Desto größer in der vorliegenden Erzählung die Vorfreude, als die Gerüchteküche ein Lamm im Ofen vermeldet. Die Wartezeit im Sommer 1974 will allerdings im Zeltlager statt mit Mellotron mit Mundorgel vertrieben werden. Als Mimi vom südenglischen ehemaligen Herrensitz erfährt, auf dem das ersehnte neue Album aufgenommen wird, imaginiert sie schnieke Butler mit blütenreinem Notenpapier und inspirierende frühmorgendliche Ausritte auf Vollblutpferden seitens Gabriels, während Collins mit den Küchenmädchen schäkert. Als sie von den wahren hygienischen Zuständen vernimmt, macht sie umgehend die zuvor sich dort aufhaltenden Led Zeppelin verantwortlich. Und es stimmt ja: Jimmy Page verstand deutlich mehr von 666 als von effizienter Rattenbekämpfung, vielleicht schöpferisch verwandelt bei Raels Gedanken an Sex, Sex, Sex mit den drei schlüpfrigen Schlangenwesen.

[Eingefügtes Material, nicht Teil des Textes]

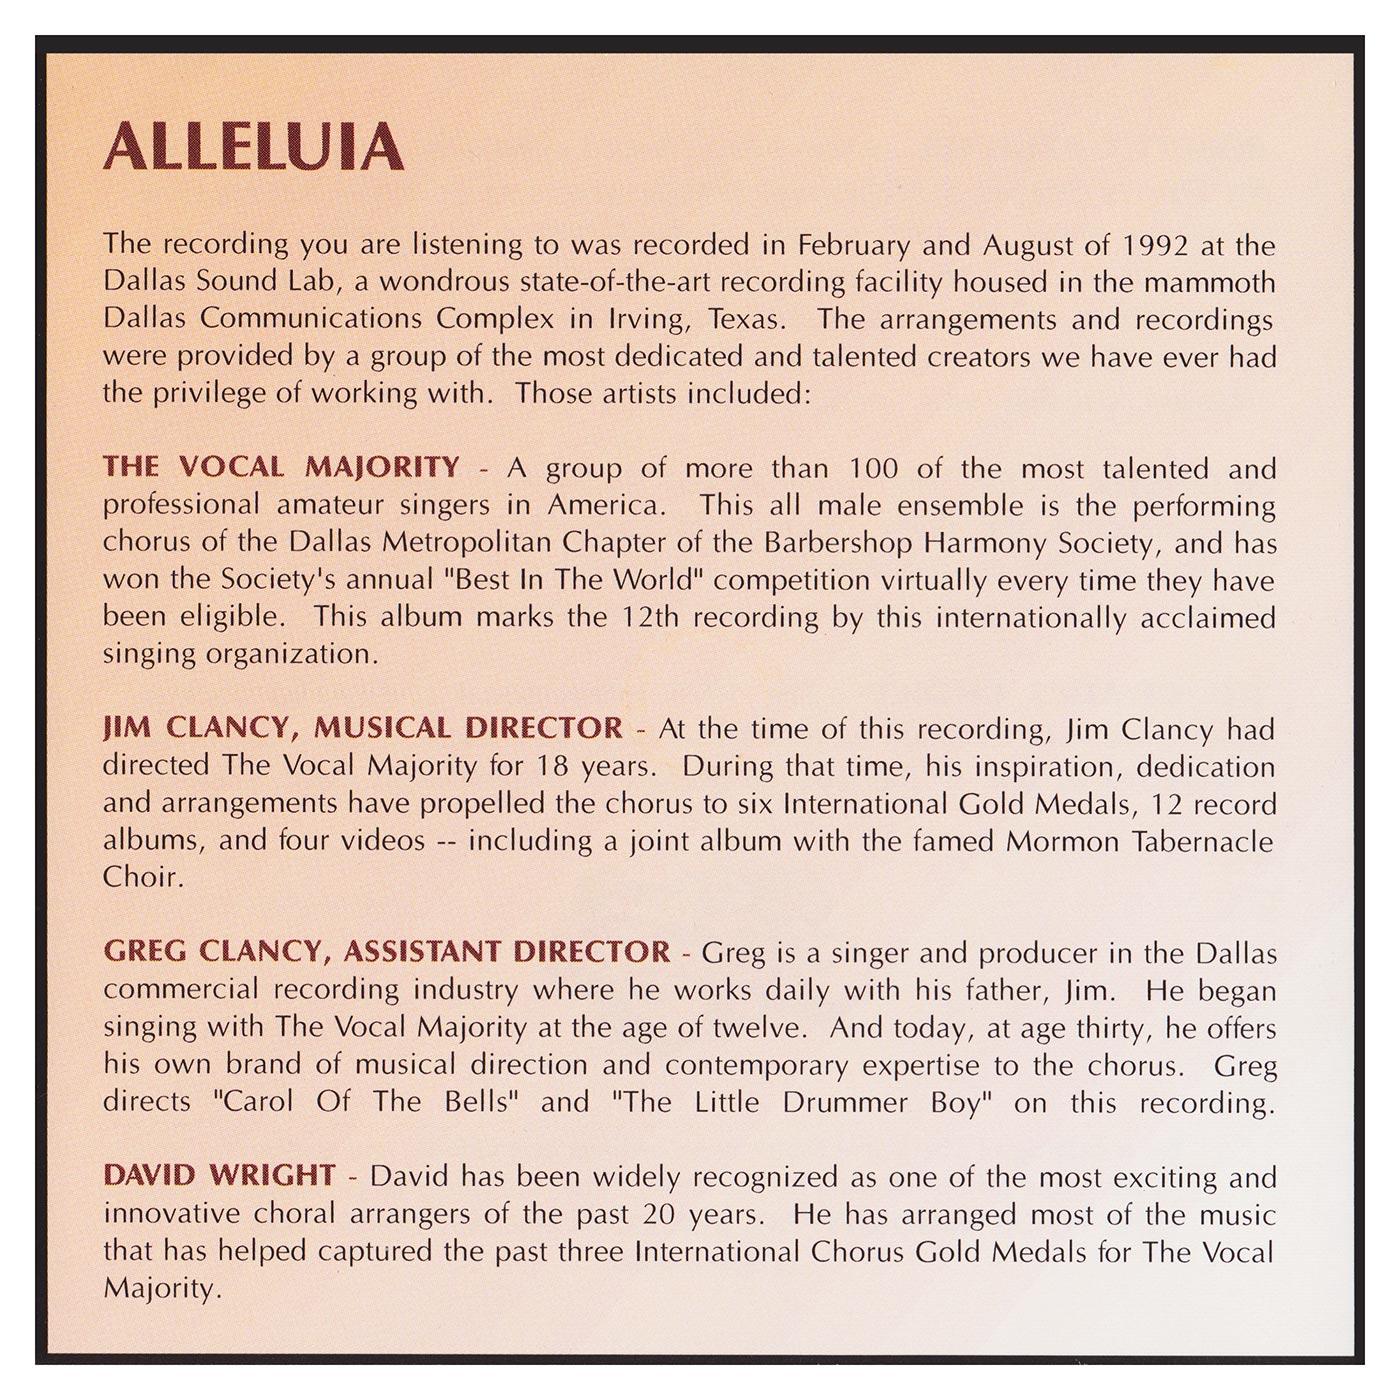 Back Panel: Alleluia
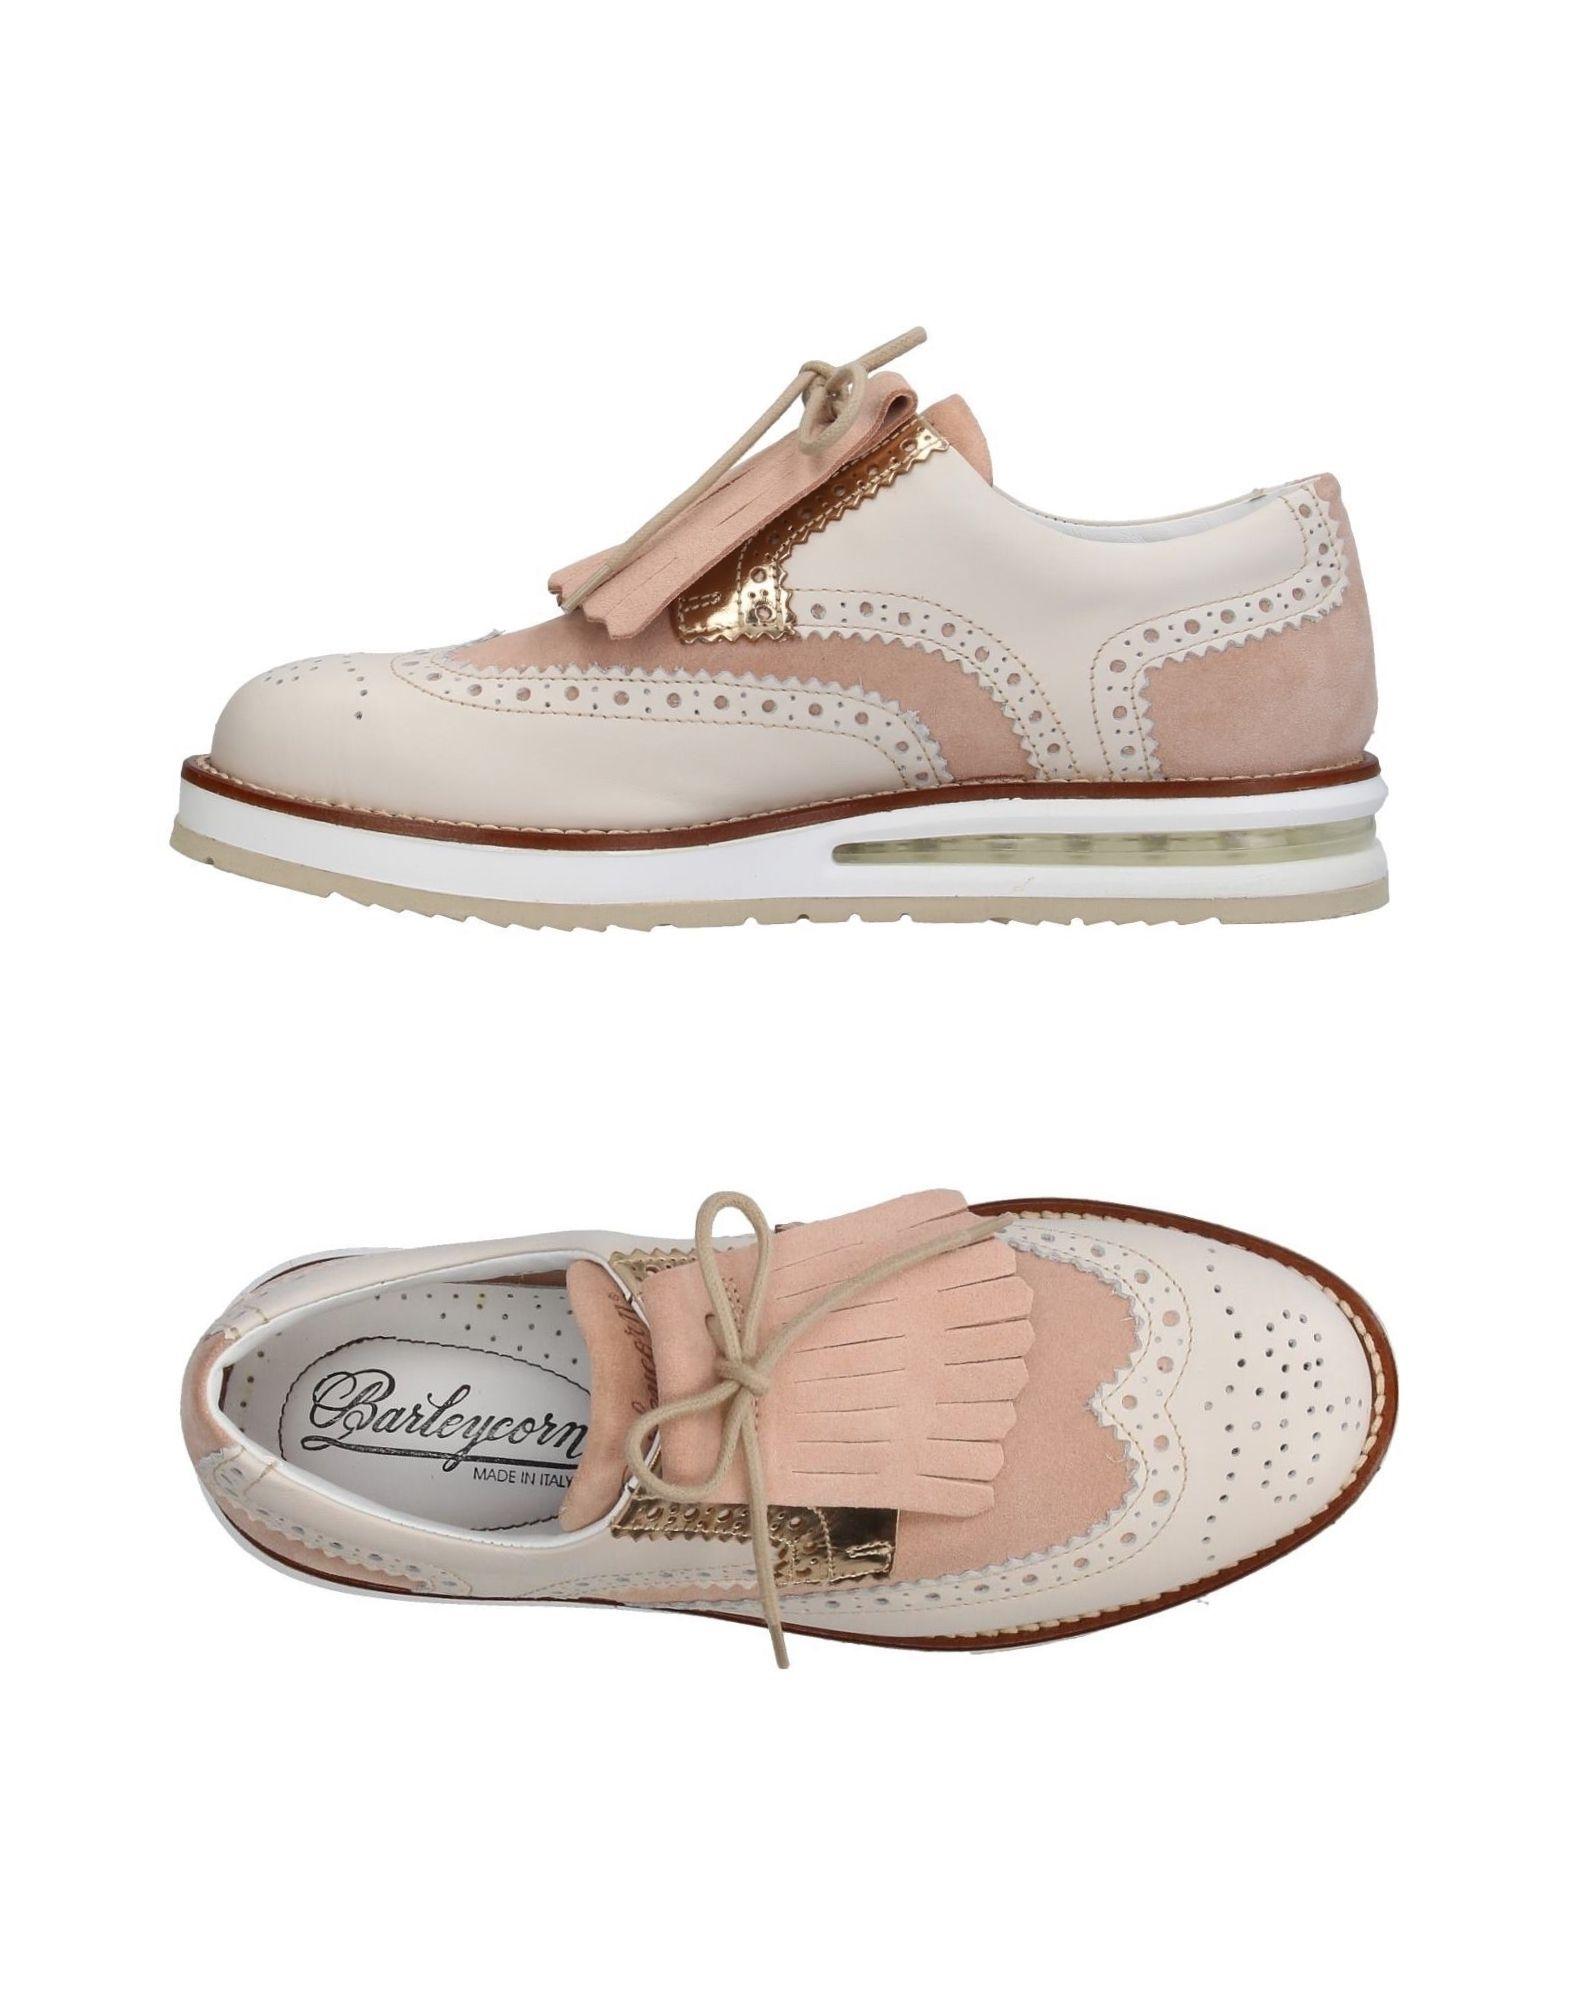 BARLEYCORN Chaussures à lacets femme.  38 EU EU Steve Madden Rhondaa-Blk Size 8.5us  Bottes pour Femme - beige - Nepal Champagne  38 EU wVfTb

Nun aber viel Vergnügen und Anregungen für die Vergegenwärtigung von Selbsterlebtem bei einem erzählerischen Glanzstück und Referenzwerk aus der Abteilung: Wo war ich, als ich zum ersten Mal die Platte X gehört habe? Mimi ist natürlich bei den um ein Mitglied dezimierten mello- trons, das zu den „Father of Intention“ abgesprungen ist. Dafür ist Niklas dabei, als das Lamm behutsam aus der befremdlichen Hülle geholt wird. Bilder schwarz-weiß, Texte ellenlang, schwierig und rätselhaft - doch es knistert (hoffentlich nur) vor Spannung. Man schweigt und lauscht, ersteres noch lange, nachdem die Platte fertig ist - verleihen Sie das Buch unbedingt an die Jugend von heute. Ein endlich nach dringlicher Aufforderung („Jetzt sag doch mal einer was!“) geäußerter Kommentar befindet, daß es zum kommentierten noch viel zu früh sei - verleihen Sie das Buch unbedingt an die Jugend von vorgestern. Mimi denkt sich im Stillen: „Ich will meinen Bärenklau zurück.“ Die geschmacklichen Irritationen werden durch gemeinsames Hören und Eindringen in die Geschichte zusammen mit Niklas wettgemacht, inklusive Intensivierung und Vertiefung in die Vorgängeralben und der Beziehung. Für das Broadway-Konzert kommen keine Vorabinformationen, weil die Großbritanien-Tour wegen einer Handverletzung Hacketts abgesagt werden muß, Alan regrediert zum Engländer, dafür gibt es von der angeschriebenen Plattenfirma für den tapferen deutschen Fan-Club fünf Freikarten - five of fifth. Der Auftritt wird ambivalent empfunden, ein tröstliches Antidot für durch zu späte Geburt verhinderte Nostalgiker, am Ende läßt Mimi ihre mitgeschleppte Reliquie auf der Damentoilette zurück. Die Tür zur Zukunft steht offen, man spekuliert über die Trennungsgerüchte, nun wieder ordnungsgemäß verkündet vom MELODY MAKER. ALs aus der Runde prognostiziert wird, der neue Sänger könne ein Schlagzeuger in Latzhose sein, widerspricht Mimis Bruder: „Geile Drummer können niemals erfolgreiche Leadsänger sein.“ Niklas zeigt mit seiner Replik prophetische Begabung: „Alles klar, Joe.“ - Say it’s alright Joe. Aber das ist eine andere Geschichte. Und die Musiker kann man ja irgendwie verstehen, denn wonach sehnt man sich nach Weltuntergangsvisionen, bedeutungsschwangeren mythologischen Szenarien, apokalyptischen Endzeitkämpfen und labyrinthischen Reisen ins Unterbewußtsein? Exile on Main-Stream.